Good ideas. If anyone has a better solution for comparing functors, please send them in. Finally, Nigel Megitt sends (while describing a larger design that, alas, is proprietary so he'd have to kill me if I shared it) an interesting example where the unrecommended active observation could be useful:

One feature that I think is nice, though I suspect there are people who would feel the opposite, is that the same implementation can be (and has been) used for a Visitor pattern: The event can have attributes that can be modified by the observers registered against it. I used this to implement a "veto" system for working out whether it's okay to close a window in a GUI: Things that have an interest in preventing or knowing about impending closure register an action that may increment a veto counter. When the Subject has finished the notification, it checks the state of the message it fired and can, if necessary, avoid closing the window.

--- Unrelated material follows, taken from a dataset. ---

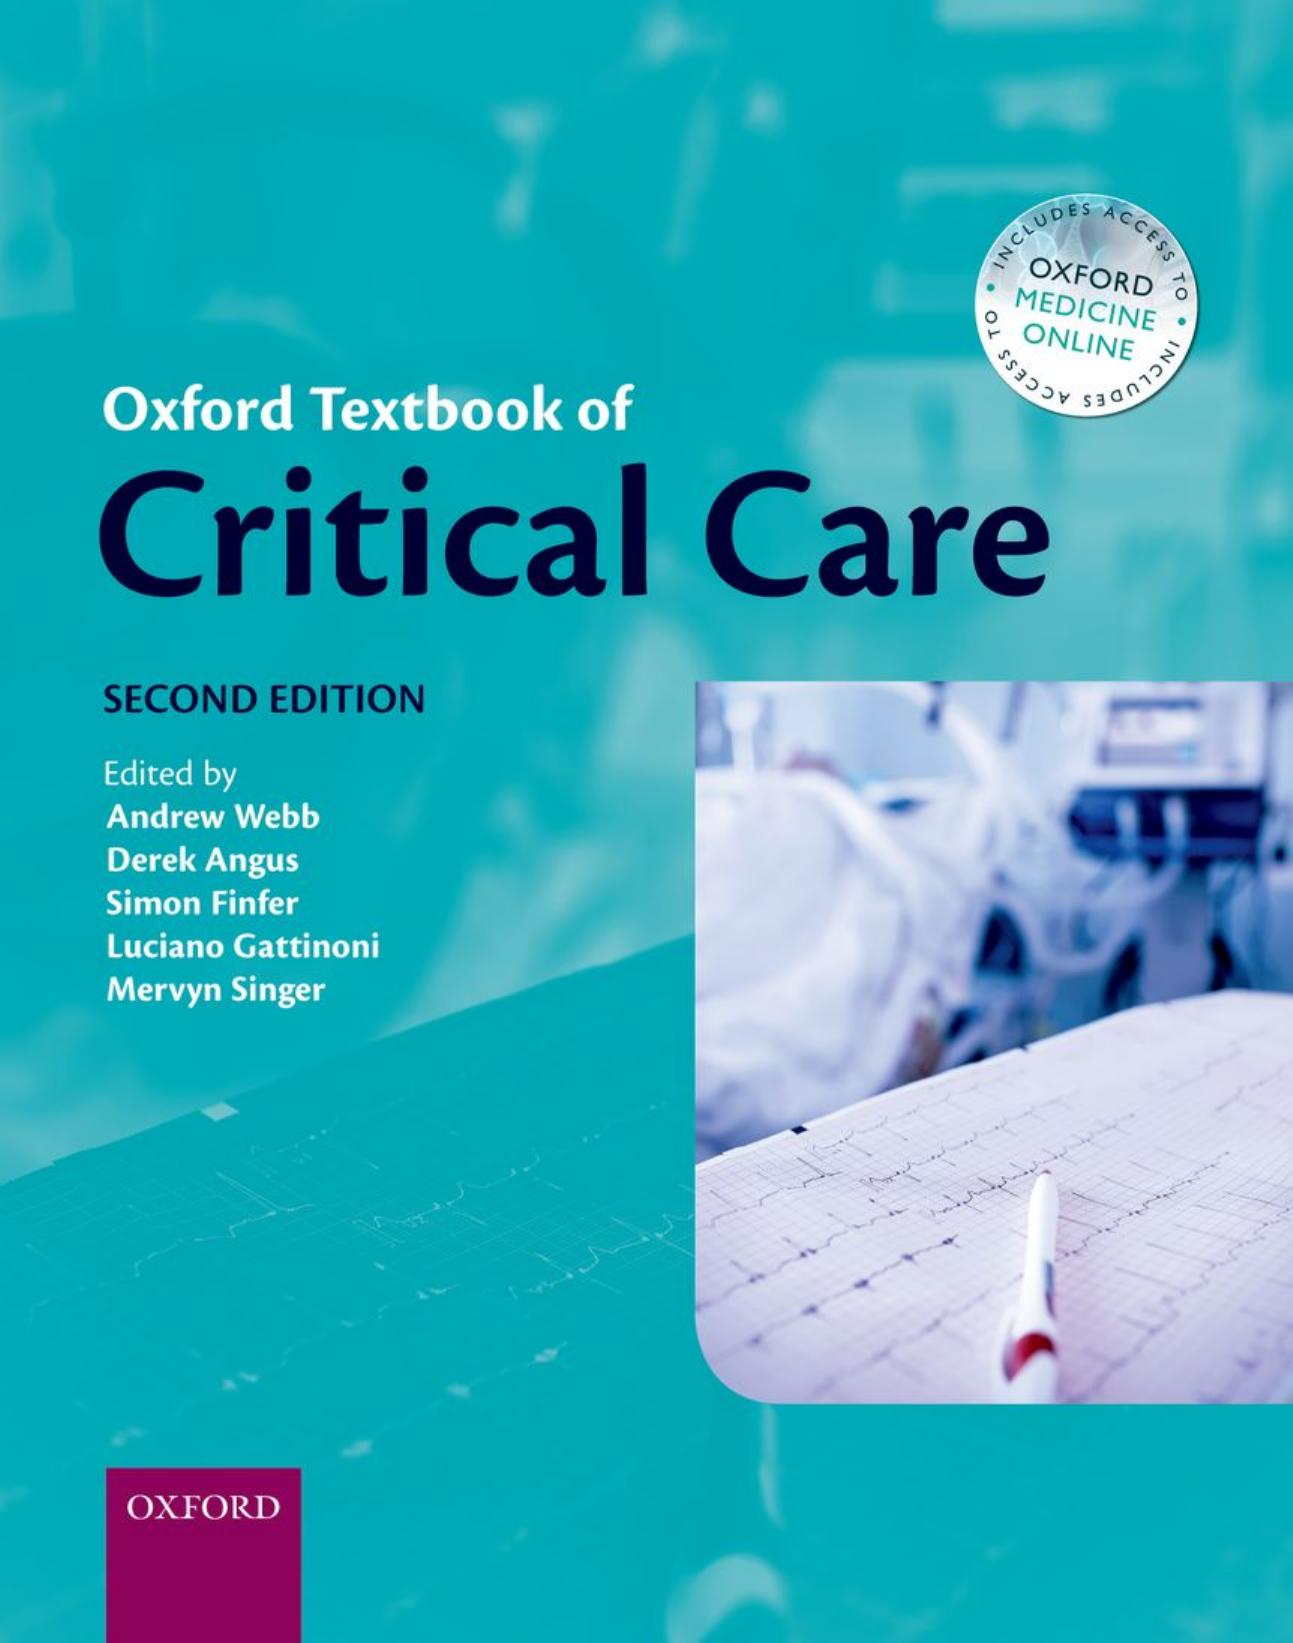 Oxford Textbook of Critical Care 2016

Resource-Management Fundamentals

Don't get scared by "management." Borrowed from operating systems, the term "resource management" is (for the purposes of this article) the totality of tools and techniques dedicated to handling limited resources within a program: memory, file handles, mutexes, sockets, database connections, and so on. Bartosz and I got to talk quite a bit about resource-management techniques; Bartosz is in the same situation that many LISP and Smalltalk programmers are: He is in the possession of a very useful toolset, and is amazed and frustrated at how others fail to see its obvious merits and continue doing things the stone age way. In short, Bartosz's thesis is that a lot, practically nearly all, of resource management can be done with just scoped ownership [8]. Moreover, in Bartosz's experience, when used with discipline, auto_ptr (and an artifact written by Bartosz, auto_vector) would be good enough tactics to implement scoped ownership. But let's not get ahead of ourselves. What is scoped ownership, and what other resource ownership schemata would be out there?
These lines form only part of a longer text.